Joseph Defraine Greenwell currently serves as Vice President for Student Affairs at Columbia University, previously serving in leadership roles at University of California, Berkeley, San Francisco State, Stanford, and Colgate University. Greenwell is an innovative, consensus building, and strategic student affairs expert with over 23 years of experience. He earned his Ed.D. and M.Ed. from the Peabody College at Vanderbilt University and a bachelor’s degree in music and psychology from Vanderbilt University.
Tiffany J. Huang (Twitter: @tiffjhuang) is a PhD candidate in the Department of Sociology at Columbia University. Her research focuses on race and immigration, examining the outcomes and racialization of immigrants and the second generation, as well as intergroup relations. Her dissertation examines how people navigate identity and diversity in the college application process. Her work has appeared, or is forthcoming, in the Journal of Ethnic and Migration Studies, RSF: The Russell Sage Foundation Journal of the Social Sciences, The ANNALS of the American Academy of Political and Social Science, and Ethnic and Racial Studies.
Prior to undertaking doctoral studies, Huang worked at the National Association of County and City Health Officials, and as a Public Health Associate Program fellow at the U.S. Centers for Disease Control and Prevention. She holds a Master’s of Public Health from the University of Michigan School of Public Health, and a Bachelor of Arts from the University of California at Berkeley.

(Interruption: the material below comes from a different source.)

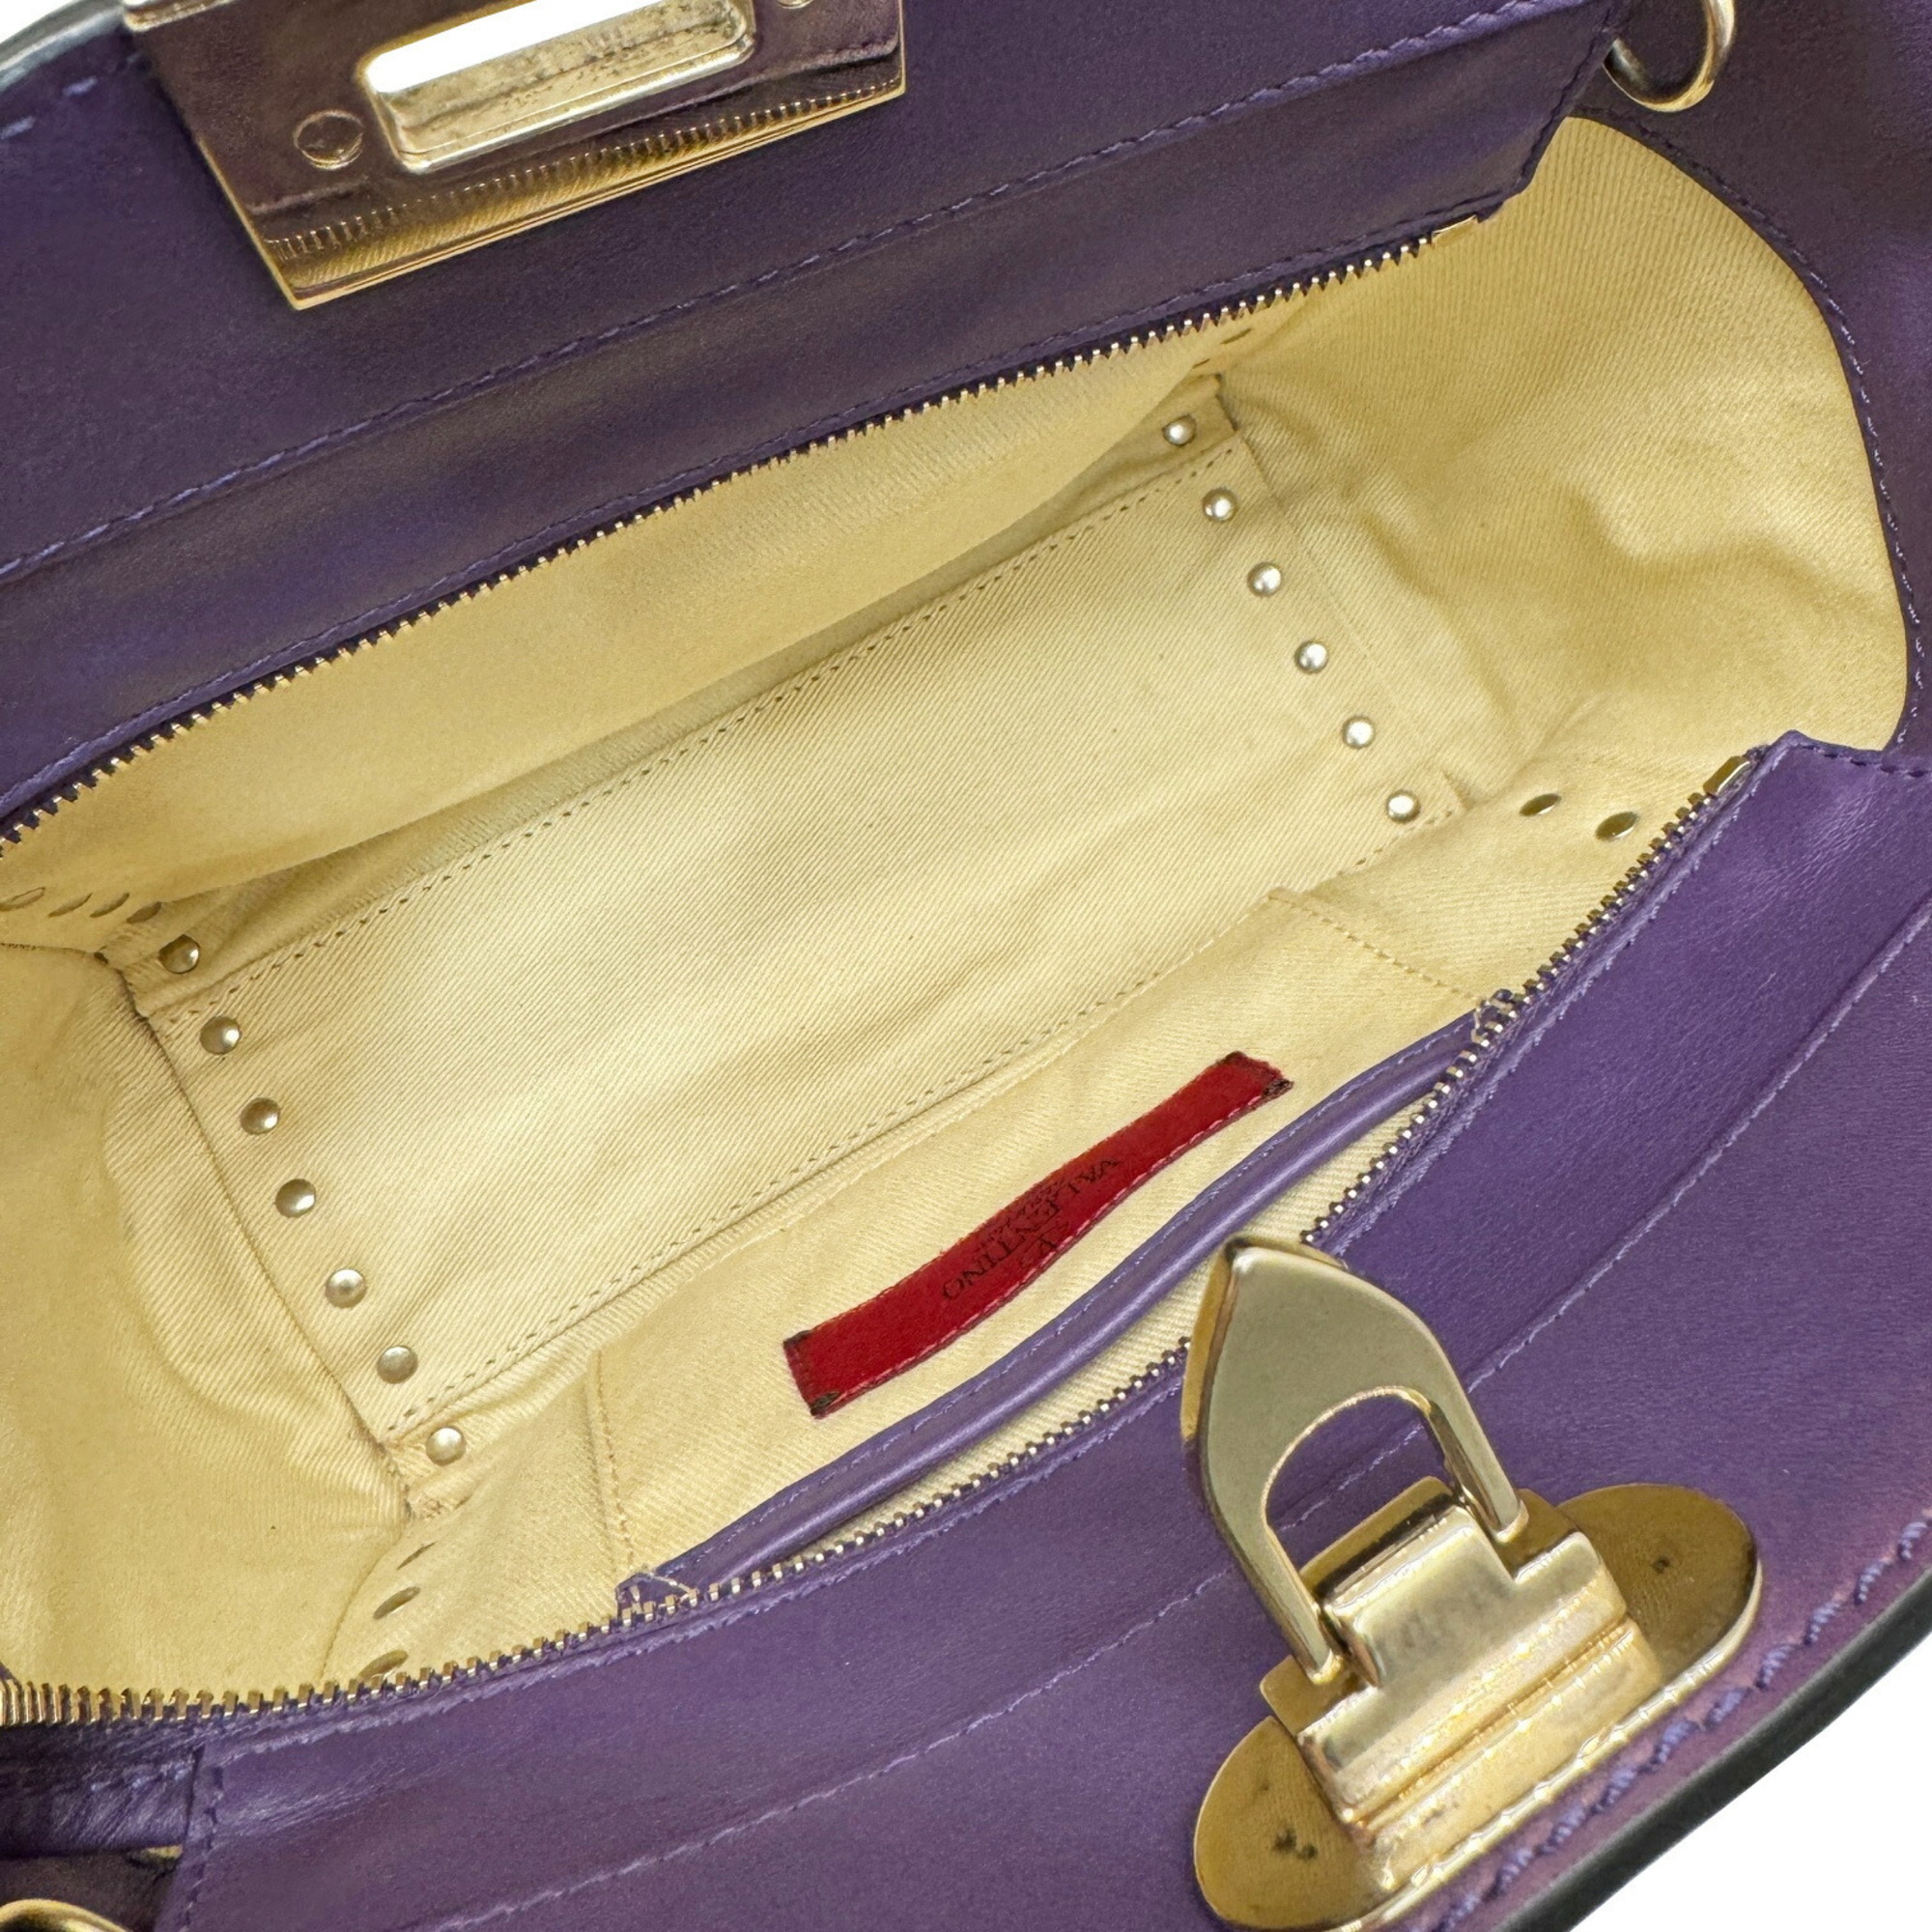 VALENTINO GARAVANI Valentino Garavani Rockstud Shoulder Bag Tote Handbag Small Purple Leather Women's

Weiping Wu is Professor of Urban Planning at Columbia GSAPP and Director of the M.S. Urban Planning program. She also is on the faculty of the Weatherhead East Asian Institute and Columbia Population Research Center. Trained in architecture and urban planning, Prof. Wu has focused her research and teaching on understanding urban dynamics in developing countries in general and China in particular. She is an internationally acclaimed urban and planning scholar working on global urbanization with a specific expertise in issues of migration, housing, and infrastructure of Chinese cities. Her research has been supported by the National Science Foundation, U.S. Department of Education, Lincoln Institute of Land Policy, and World Bank. She is the immediate past President of the Association of Collegiate Schools of Planning and a board member of the Planning Accreditation Board. At GSAPP, she is working with colleagues on the Anti-Racism Task Force to develop curricular and programming initiatives to commit the school to an explicitly and systematically anti-racist path.